Which brings me, sigh, to Bernie Sanders and his ‘political revolution’.

In 2016, I was a Sanders guy, right up til it became mathematically impossible for him to win the nomination. I was thrilled to see someone bring the kind of deep progressive policy and political goals and rhetoric I, a lifelong progressive, had been wanting to see in mainstream discourse ever since I was old enough to vote and engaged enough to pay attention. Even when he didn’t win, I was thrilled when his rhetoric and platform did indeed cross over into the mainstream. I was less thrilled than the candidate himself, who crossed the line somewhere from someone whose goals and interest were driven by principle to someone whose principles were driven by his goals and his self-interest. But that seems to be most politicians, so it’s if not forgivable then not a deal-breaker on its own.

But Bernie Sanders political revolution’s greatest strength is also its greatest weakness: it’s an insurgency defined as much by its opposition to the institutional Democratic Party as it is by its positive political and policy ambitions. Which, if you’re running for the Democratic Party’s nomination to be President, with the institutional backing that comes with it for a general election, is kind of a problem.

Yes, the party leadership has probably coordinated in response to Sanders’ rise. Which is, you know, their job and all that, conspiracy theories aside. But so, apparently, have the voters, who yesterday — and much to this Warren supporter’s chagrin — coalesced around Joe Biden, FSM help us all, as the last man standing/consensus choice.
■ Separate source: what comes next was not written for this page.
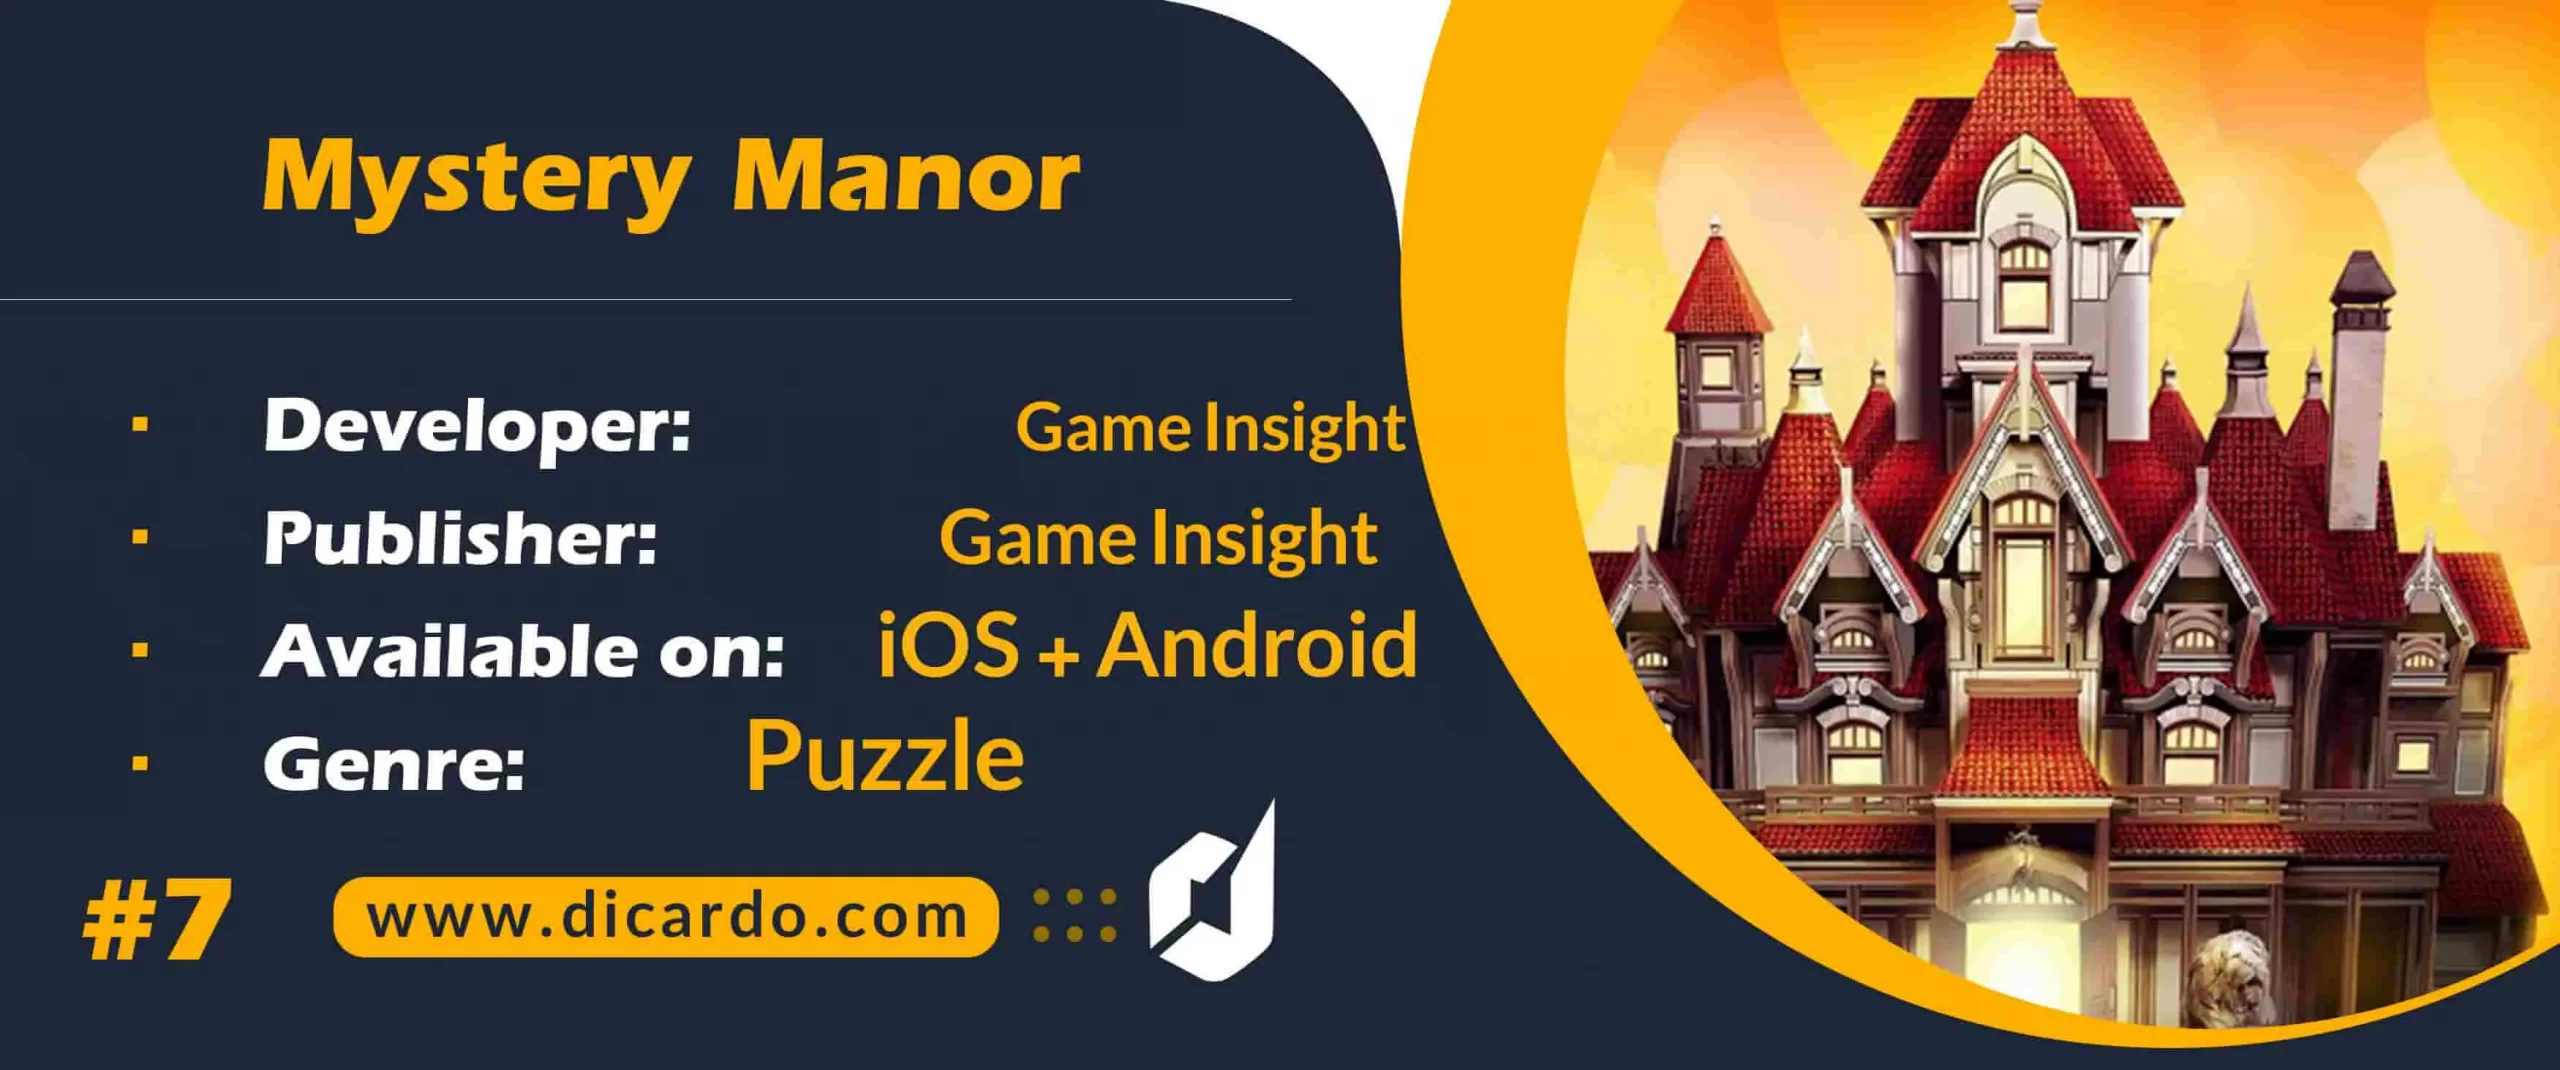 #7 میستری مانور Mystery Manor از بهترین بازیهای شی پنهان با قابلیت کسب درامد

Turns out snake emojis and sneering contempt for people you’re going to need later on isn’t the best strategy for building coalitions.

Look, temperamentally and policy-wise, I’m firmly aligned with Bernie Sanders (I’m even more so with Elizabeth Warren; the misogyny and deliberate erasure that handicapped her campaign will have to be a whole other post, though). We do in fact need radical change, even radical-er than Bernie himself calls for (ain’t a goddam thing gonna pass as long as there’s a filibuster in the Senate). But you know what we need to get that radical change passed into law? A great big fucking coalition, not all of whom are going to be hard core progressives who only identify as Democrats in Presidential election years.

I told those two guys all those years ago that much as I agreed with them on policy, you can’t get shit done if you don’t have a majority, and you don’t get a majority by telling people they’re sellouts or assholes if they don’t believe just as you believe, just as hard as you believe it. Almost twenty years on, looks like I’m still over here in the corner, saying the same goddam thing.